IEEE Trans Image Process. 2022;31:3606-3617. doi: 10.1109/TIP.2022.3173163. Epub 2022 May 26.
Unsupervised person re-identification (Re-ID) aims to match pedestrian images from different camera views in an unsupervised setting. Existing methods for unsupervised person Re-ID are usually built upon the pseudo labels from clustering. However, the result of clustering depends heavily on the quality of the learned features, which are overwhelmingly dominated by colors in images. In this paper, we attempt to suppress the negative dominating influence of colors to learn more effective features for unsupervised person Re-ID. Specifically, we propose a Cluster-guided Asymmetric Contrastive Learning (CACL) approach for unsupervised person Re-ID, in which clustering result is leveraged to guide the feature learning in a properly designed asymmetric contrastive learning framework. In CACL, both instance-level and cluster-level contrastive learning are employed to help the siamese network learn discriminant features with respect to the clustering result within and between different data augmentation views, respectively. In addition, we also present a cluster refinement method, and validate that the cluster refinement step helps CACL significantly. Extensive experiments conducted on three benchmark datasets demonstrate the superior performance of our proposal.

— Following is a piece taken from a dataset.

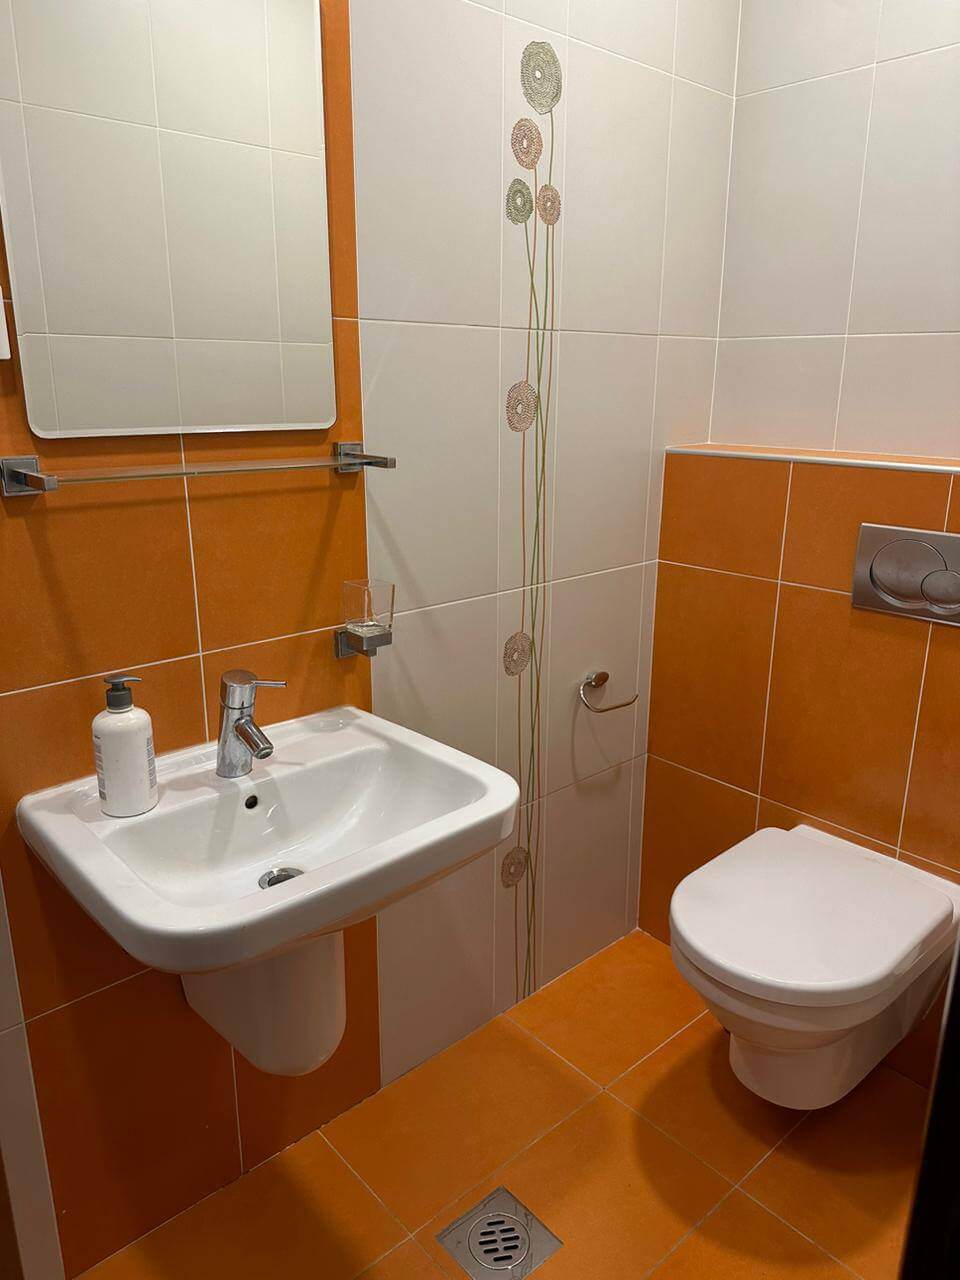 Купить 3-х комнатную квартиру в Будве: вторая туалетная комната

无监督行人重识别(Re-ID)旨在在无监督的环境中匹配来自不同摄像机视角的行人图像。现有的无监督行人 Re-ID 方法通常基于聚类的伪标签构建。然而,聚类的结果严重依赖于学习特征的质量,而这些特征主要由图像中的颜色主导。在本文中,我们试图抑制颜色的负面影响,以学习更有效的无监督行人 Re-ID 特征。具体来说,我们提出了一种基于聚类引导的非对称对比学习(CACL)方法用于无监督行人 Re-ID,其中利用聚类结果在适当设计的非对称对比学习框架中指导特征学习。在 CACL 中,同时使用实例级和聚类级对比学习,分别帮助孪生网络在不同数据增强视图内和视图之间基于聚类结果学习具有鉴别力的特征。此外,我们还提出了一种聚类细化方法,并验证了聚类细化步骤有助于 CACL 显著提高性能。在三个基准数据集上进行的广泛实验证明了我们的方法的优越性。